ML System Design
2 interview questions in this topic. Expand any question to read the full answer.
“How would you design a recommendation system?”
Answer
Start by pinning down the problem, because "recommend" means different things: what are we optimizing (clicks, watch time, purchases, retention), how big is the catalog, and what's the latency budget? Assume a large catalog and tight latency.
The core architectural idea is a funnel, because scoring millions of items per request is impossible under a latency budget:
- Candidate generation cheaply narrows millions of items to a few hundred, using approximate nearest-neighbor search over embeddings plus collaborative-filtering co-occurrence. Optimized for recall.
- Ranking runs a heavier model over those few hundred, scoring each for this specific user with rich features. Optimized for precision — most of the accuracy comes from here.
- Re-ranking applies business rules: diversity, freshness, and filtering already-seen items.
For the models, combine collaborative filtering (learns from the user-item interaction matrix — "people who liked what you liked also liked X," often via matrix factorization or a two-tower model) with content-based filtering (uses item features, so it can recommend brand-new items). Most real systems are hybrid, which is also the answer to cold start: new users fall back to popularity and context; new items lean on their content features.
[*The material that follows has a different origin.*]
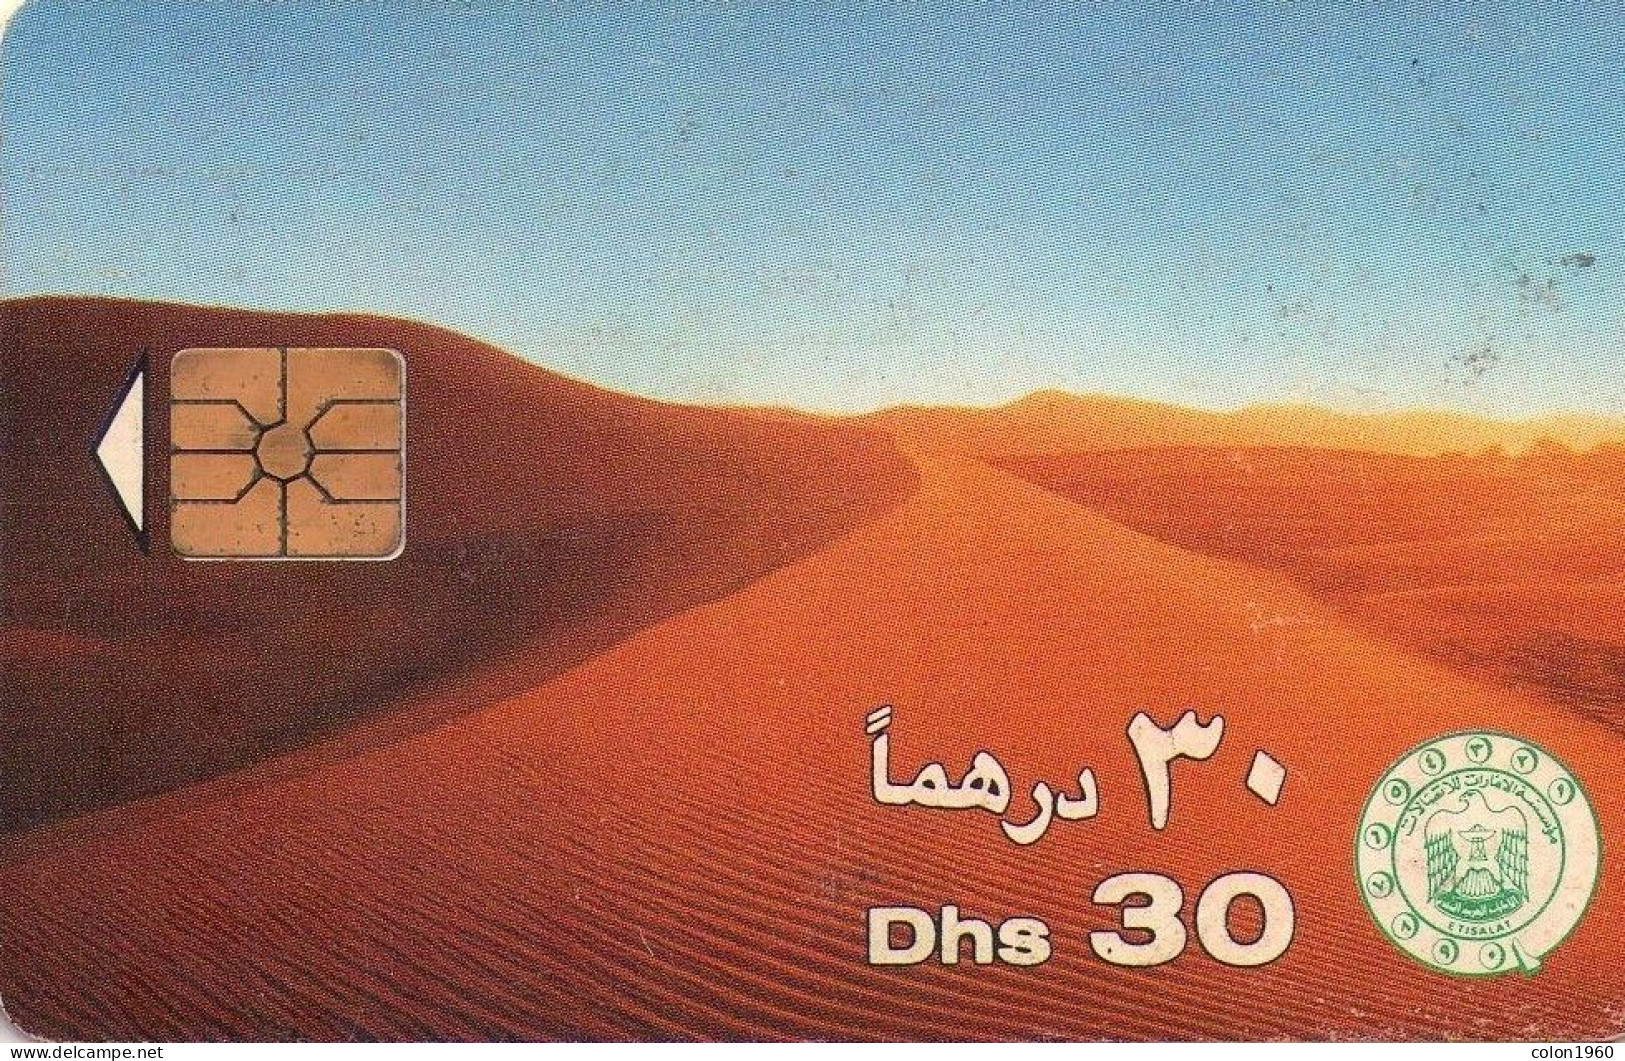 EMIRATOS ARABES UNIDOS. AE-ETI-CHP-0002C. Desert Sand Dunes (CN "9511"). 1995. (052) - Ver. Arab. Emirate

For serving, precompute item embeddings offline and do an approximate nearest-neighbor lookup plus a fast ranking pass within tens of milliseconds. Then close the loop by logging impressions and clicks to retrain — adding some exploration so the model doesn't collapse into a self-reinforcing bubble. Evaluate offline (precision@k, recall@k, NDCG) to pick models cheaply, but trust an online A/B test on the real business metric for the final call.
💡 Note Candidate generation is a librarian who, in one second, pulls a cart of a few hundred books you might like from a warehouse of millions. Ranking is you then reading the jackets of just that cart to pick the ten you'll check out. You could never read every book in the warehouse — the two stages exist so you don't have to.
Related Questions
“How would you serve an LLM at scale?”
Answer
Begin with why it's hard, because the constraints explain every design choice:
- It's autoregressive. The model emits one token, appends it, and runs again — a 500-token answer is 500 sequential forward passes, so you can't parallelize within one response.
- It's memory-bound. Each decode step reads the model's billions of weights from GPU memory, so the GPU often waits on memory bandwidth, not math.
- Memory is the ceiling. The weights are tens of gigabytes, and the attention KV cache grows with every token of every concurrent request.
Given that, the high-leverage techniques:
- Continuous batching. Swap a finished sequence out and a new request in every step so the GPU never idles — usually the single biggest throughput win.
- KV cache + paged attention. Cache the keys and values of past tokens so you don't recompute them; paged attention (vLLM) stores that cache in fixed pages like virtual memory, so you fit far more concurrent requests.
- Quantization. Serve weights in 8-bit or 4-bit instead of 16-bit to roughly halve or quarter the memory, fitting the model on cheaper GPUs with minimal quality loss. Tensor/model parallelism splits a model too big for one GPU across several.
On the product side: stream tokens so first words appear in ~200 ms (which is why time-to-first-token and tokens-per-second are tracked separately), add a semantic cache for repeated queries to skip the GPU, put a gateway in front for auth and rate limiting, and autoscale on queue depth with a fallback to a smaller model under overload. Since GPUs dominate the bill, the real objective is usually throughput-per-dollar, not just raw latency.
💡 Note Serving an LLM is running a busy restaurant kitchen. Continuous batching is a chef who starts the next order the instant a plate goes out, instead of cooking in rigid group seatings. The KV cache is keeping each table's prepped ingredients on the counter so you're not chopping from scratch every course. Quantization is using a more compact pantry so you can cook more dishes at once.